First off I want to say I have used DESeq2 with the estimateSizeFactors function, and this *appears* to produce artifact free smooth results.
However, when I use CQN then set the normalization factors ie:
normalizationFactors(dds) <- exp(offsets$glm.offset)
where offsets is a CQN object, I get a bimodal distribution in a combination of PC1 and PC2.
I have read through the source code for varianceStabilizingTransformtion and getVarianceStabilizedData, and I can see that the fitType must be local in the DESeqDataSet for the offsets to be used in the transformation, so I ran the package with these settings, and it appears that this does not matter.
Furthermore, when I explore the CQN quantile normalized data the principal components look fine, when I compare the CQN RPKM normalized data, the VST data approaches zero smoothly, where the CQN data extends into the negative range, so a zero in the VST could be anywhere from -5 to a 5, I mention this, because I wonder if there is a numerical problerm with negative offsets perhaps effecting larger sizeFactors?
Anyway, DESeq2 has many data transformation options. It appears that rlog does take the offsets into account, however is incredibly slow and I have only been able to use it on a subset of the data, it does not appear to suffer from the bimodal problem *as much*, however it is still noticeable. I need a transformation that leaves the variance associated with condition of interest with other covariates removed, which is one of the reasons normalizeTransform is not appropriate, or using the CQN RPKM directly.
-Robin
Dear Mike and Robin,
as Robin pointed out, I am still a bit confused about how to include the normalizationFactors matrix from cqn into DESeq2.
I believe that the right way (this is the only way I see an improvement in the GC and length bias) should be:
cqnOffset <- cqnObject$glm.offset
cqnNormFactors <- exp(cqnOffset)
normalizationFactors(dds) <- cqnNormFactors
Could you confirm that?
Thank you.
Best Regards,
Gianluca
Before inputing normalizationFactors into DESeq2, you should divide out the geometric mean:
This is so that
mean(counts(dds, normalized=TRUE)[gene,])
is roughly on the same scale asmean(counts(dds)[gene,])
.Dear Mike,
thank you for your help.
I run the code as you suggested.
cqnOffset <- cqnObject$glm.offset
cqnNormFactors <- exp(cqnOffset)
normFactors<- cqnNormFactors / exp(rowMeans(log(cqnNormFactors)))
normalizationFactors(dds)=normFactors
Anyway when I tested the normalized counts with and without using the normalization factors from cqn I noticed that if I divide them by the geometric means the correction becomes almost completely ineffective while if I do not divide out the geometric means the correction seems to be fine.
Please, could you explain to me why? Is this to be expected
Thank you.
Best Regards,
Gianluca
Hi Gianluca,
Maybe you can make a new post where you show how you assess "effective"
Dear Mike,
I attached three plots made with NOISeq to test for GC contenct bias, that I used to test the effect of the cqn correction.
From NOISeq manual:
“The GC content is divided in intervals (bins) containing 200 features. The middle point of each bin is depicted in X axis. For each bin, the 5% trimmed mean of the corresponding expression values is computed and depicted in Y axis… …. Both the model p-value and the coefficient of determination (R2) are shown in the plot as well as the fitted regression curve. If the model p-value is significant and R2 value is high (more than 70%), the expression will depend on the feature GC content and the curve will show the type of dependence”

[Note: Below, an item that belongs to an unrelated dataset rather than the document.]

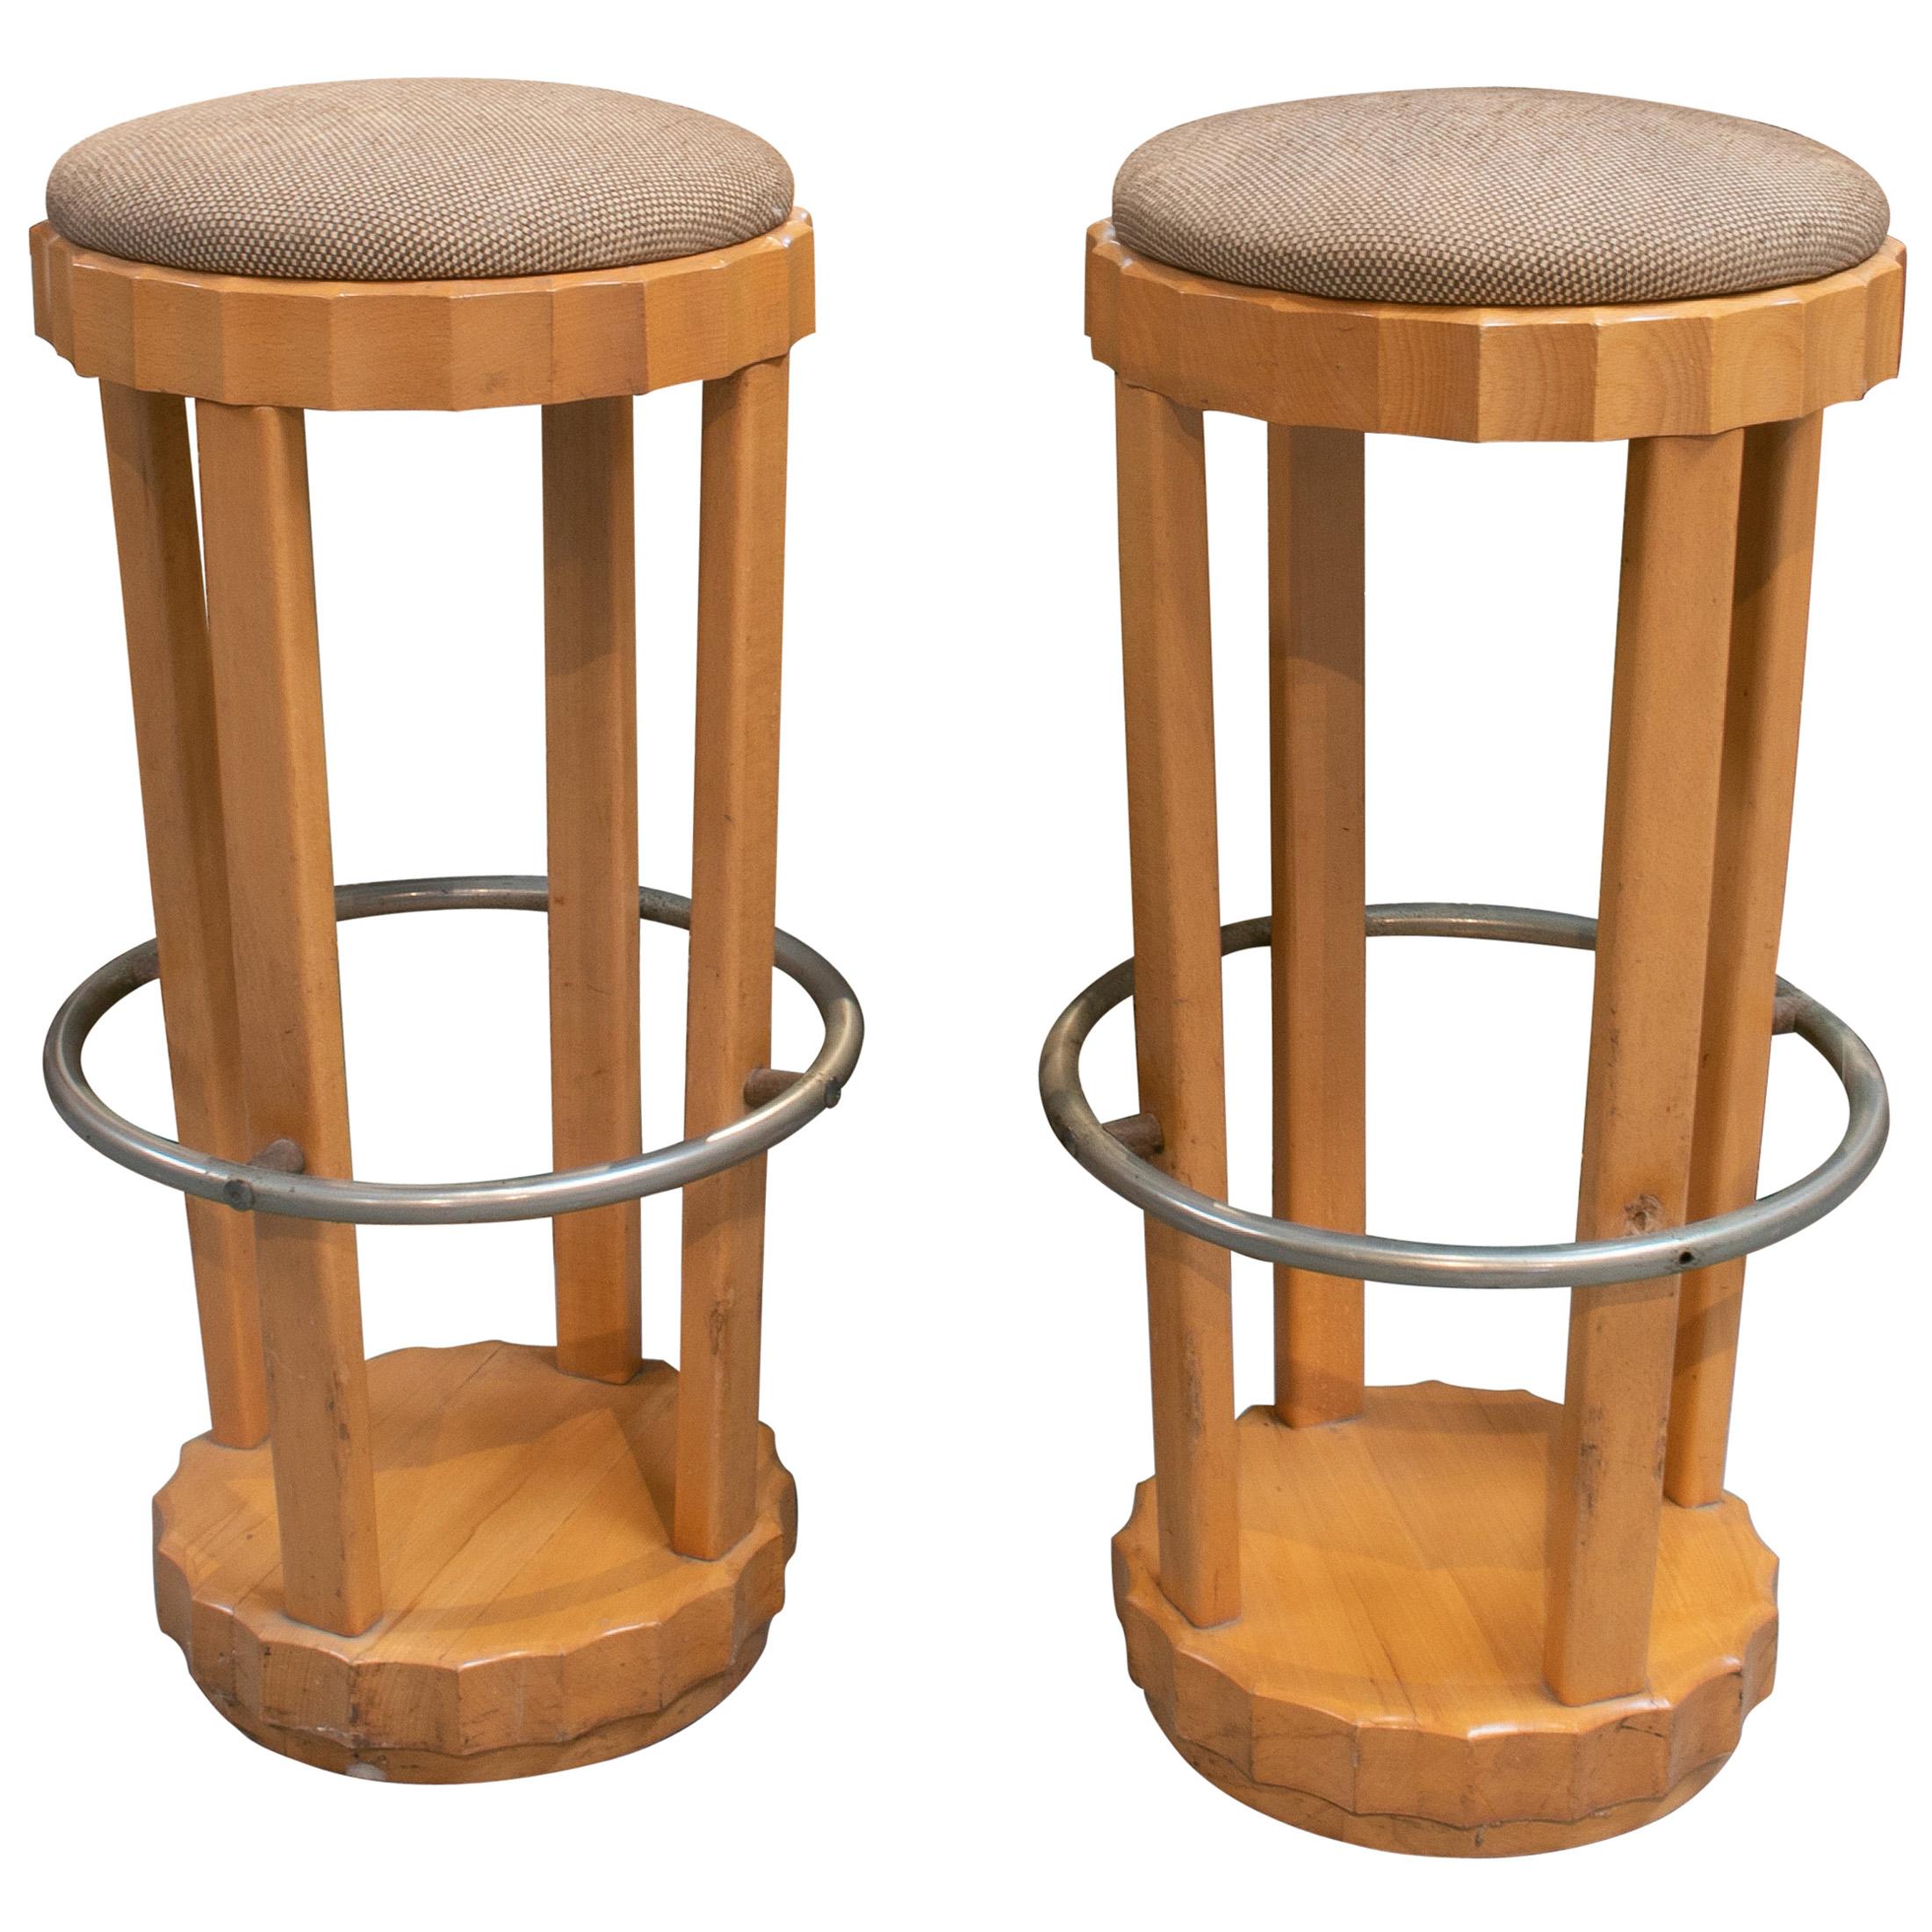 1970s Pair of Spanish Stools with Aluminium Foot Rests For Sale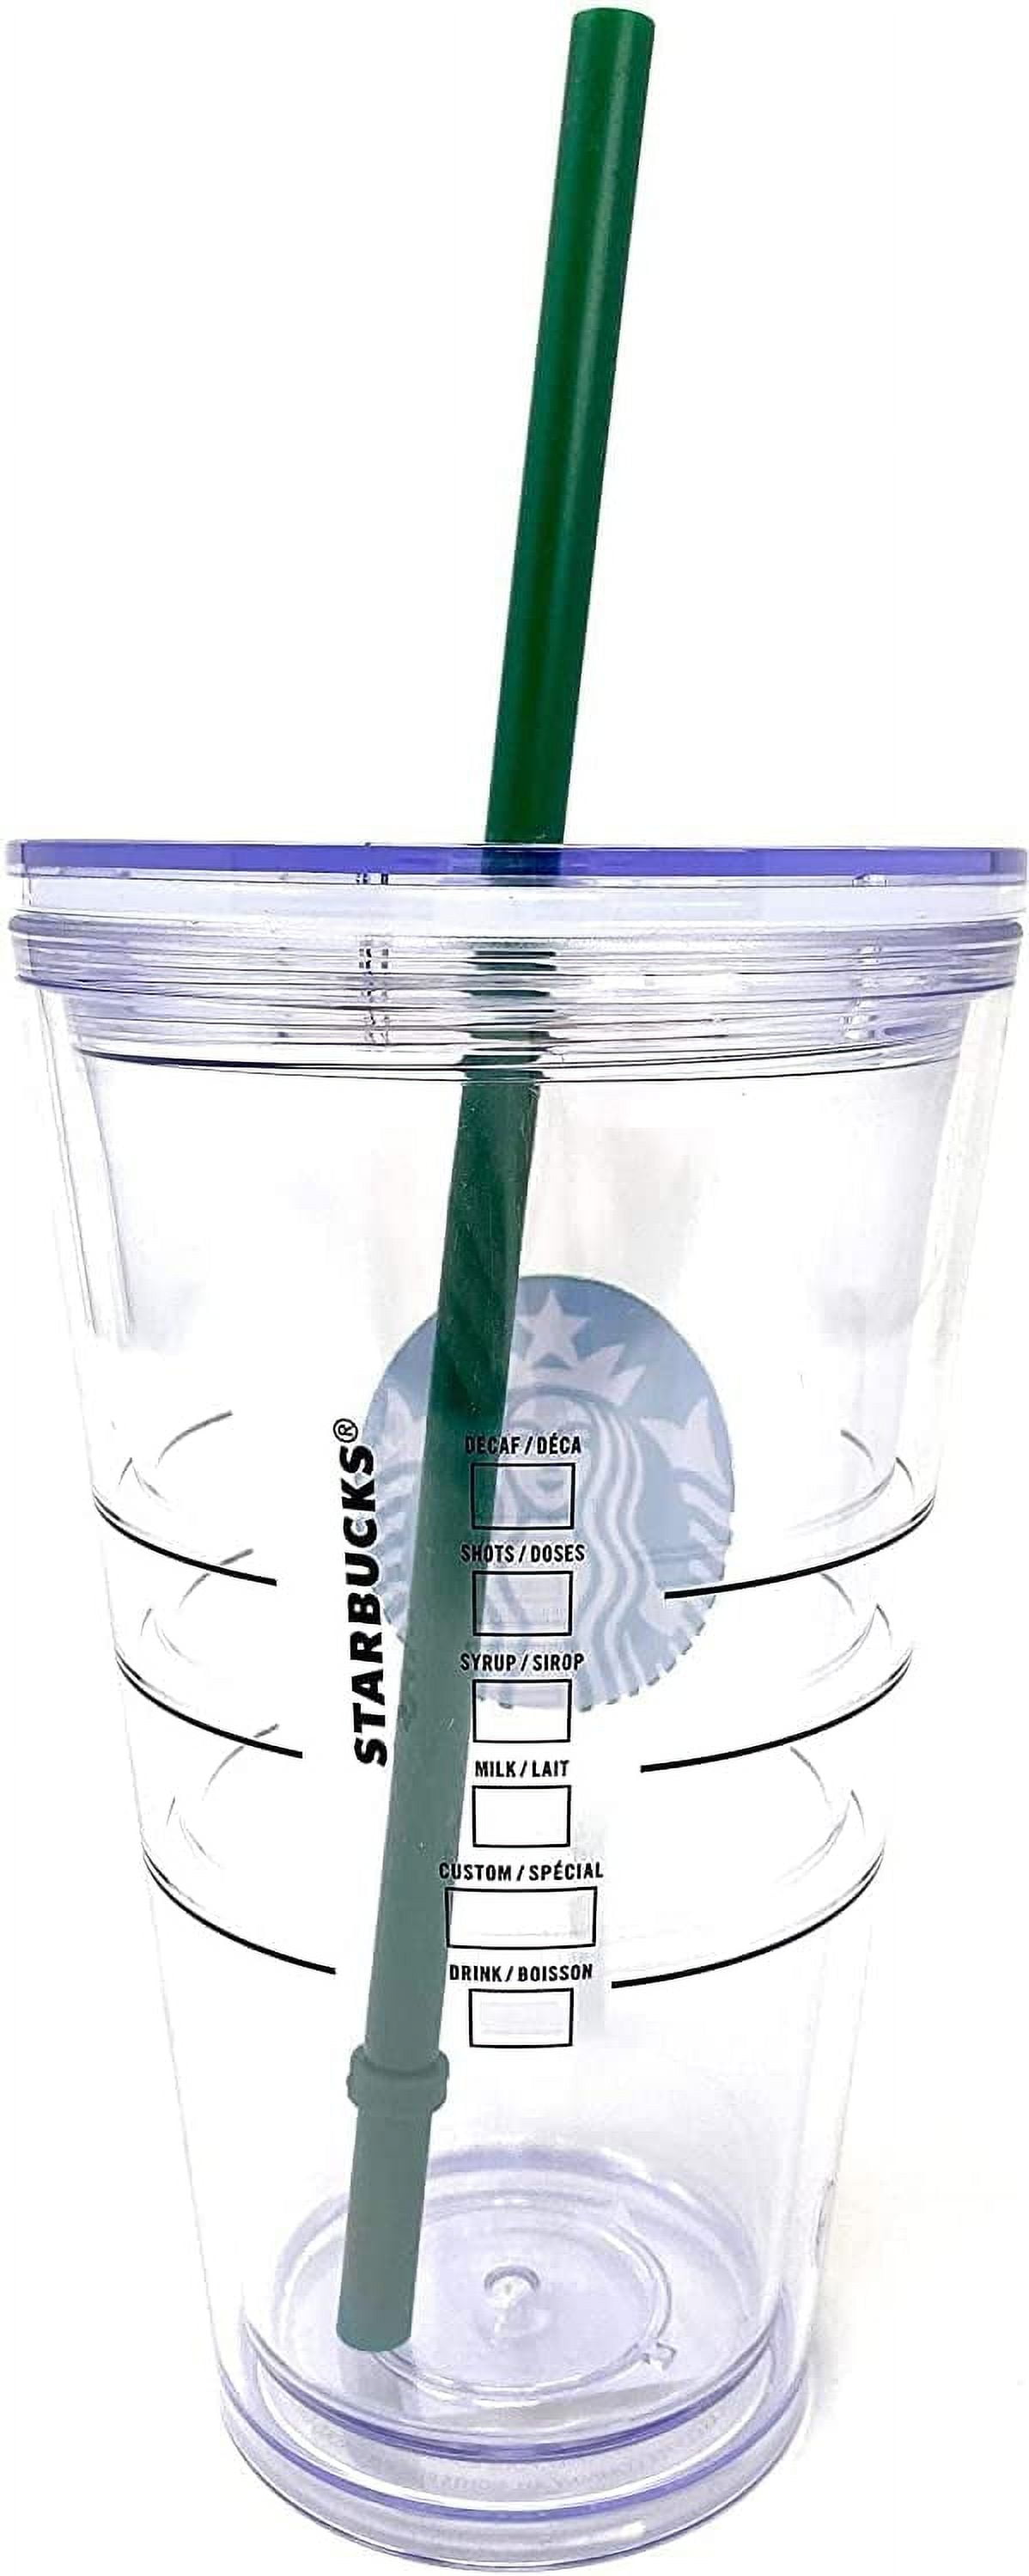 Reusable Glass Straw for Cold Cup Sippy Cup Starbucks Tumbler

Fig (A) is obtained with counts(dds,normalized=TRUE) without using the normalization factors from cqn
Fig (B) is obtained with counts(dds,normalized=TRUE) using the normalization factors from cqn without dividing out the geometric mean
Fig (C) is obtained with counts(dds,normalized=TRUE) using the normalization factors from cqn dividing out the geometric mean
Fig B is exactly the same plot of when I test directly the normalized values from cqn with NOISeq.
Thank you.
Gianluca
I agree it looks like it's not working. It's getting hard to follow everything though, could you start a new thread (post new question) and post all the code so I can look it over and see if everything looks correct?